Task description » Take the lines below beginning at the line that has "إهداء 700 كتاب" and stopping after the line that has "Geoffrey's Toy Box", and print them exactly as they are, with no other lines.

- Opening Delimiter -

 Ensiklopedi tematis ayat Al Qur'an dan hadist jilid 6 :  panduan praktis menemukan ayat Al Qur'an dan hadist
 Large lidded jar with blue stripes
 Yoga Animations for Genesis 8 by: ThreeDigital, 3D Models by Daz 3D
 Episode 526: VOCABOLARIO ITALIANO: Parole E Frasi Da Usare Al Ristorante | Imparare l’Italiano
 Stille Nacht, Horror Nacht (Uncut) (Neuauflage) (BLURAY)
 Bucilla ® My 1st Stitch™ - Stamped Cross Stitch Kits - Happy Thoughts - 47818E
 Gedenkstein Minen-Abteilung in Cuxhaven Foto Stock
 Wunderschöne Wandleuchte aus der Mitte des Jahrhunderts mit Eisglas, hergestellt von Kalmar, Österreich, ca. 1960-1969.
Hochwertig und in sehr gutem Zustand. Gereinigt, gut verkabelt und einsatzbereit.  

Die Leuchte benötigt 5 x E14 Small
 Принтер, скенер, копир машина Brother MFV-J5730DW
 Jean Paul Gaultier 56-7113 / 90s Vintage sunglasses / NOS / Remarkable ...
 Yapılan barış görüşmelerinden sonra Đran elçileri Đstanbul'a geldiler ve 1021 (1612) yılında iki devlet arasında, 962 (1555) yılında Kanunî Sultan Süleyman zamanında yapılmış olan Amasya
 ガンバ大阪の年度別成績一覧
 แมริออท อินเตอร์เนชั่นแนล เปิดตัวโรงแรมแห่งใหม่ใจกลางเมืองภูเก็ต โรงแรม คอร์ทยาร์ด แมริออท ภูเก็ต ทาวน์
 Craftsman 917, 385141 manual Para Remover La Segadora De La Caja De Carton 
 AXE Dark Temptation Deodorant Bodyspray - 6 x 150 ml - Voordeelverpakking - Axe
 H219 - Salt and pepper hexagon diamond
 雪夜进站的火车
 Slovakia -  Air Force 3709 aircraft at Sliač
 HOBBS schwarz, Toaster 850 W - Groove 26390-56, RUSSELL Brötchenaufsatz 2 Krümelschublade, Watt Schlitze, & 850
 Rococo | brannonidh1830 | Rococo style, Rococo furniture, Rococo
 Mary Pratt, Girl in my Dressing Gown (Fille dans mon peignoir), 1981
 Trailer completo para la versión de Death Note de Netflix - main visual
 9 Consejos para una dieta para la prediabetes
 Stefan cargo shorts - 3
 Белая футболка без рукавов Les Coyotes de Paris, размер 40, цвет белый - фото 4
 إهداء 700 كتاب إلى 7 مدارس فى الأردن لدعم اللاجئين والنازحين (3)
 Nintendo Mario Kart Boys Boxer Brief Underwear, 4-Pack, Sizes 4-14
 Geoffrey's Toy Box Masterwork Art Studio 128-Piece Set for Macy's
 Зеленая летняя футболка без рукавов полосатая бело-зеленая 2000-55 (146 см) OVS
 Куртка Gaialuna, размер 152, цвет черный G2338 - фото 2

- Closing Delimiter -

Expected output »
 إهداء 700 كتاب إلى 7 مدارس فى الأردن لدعم اللاجئين والنازحين (3)
 Nintendo Mario Kart Boys Boxer Brief Underwear, 4-Pack, Sizes 4-14
 Geoffrey's Toy Box Masterwork Art Studio 128-Piece Set for Macy's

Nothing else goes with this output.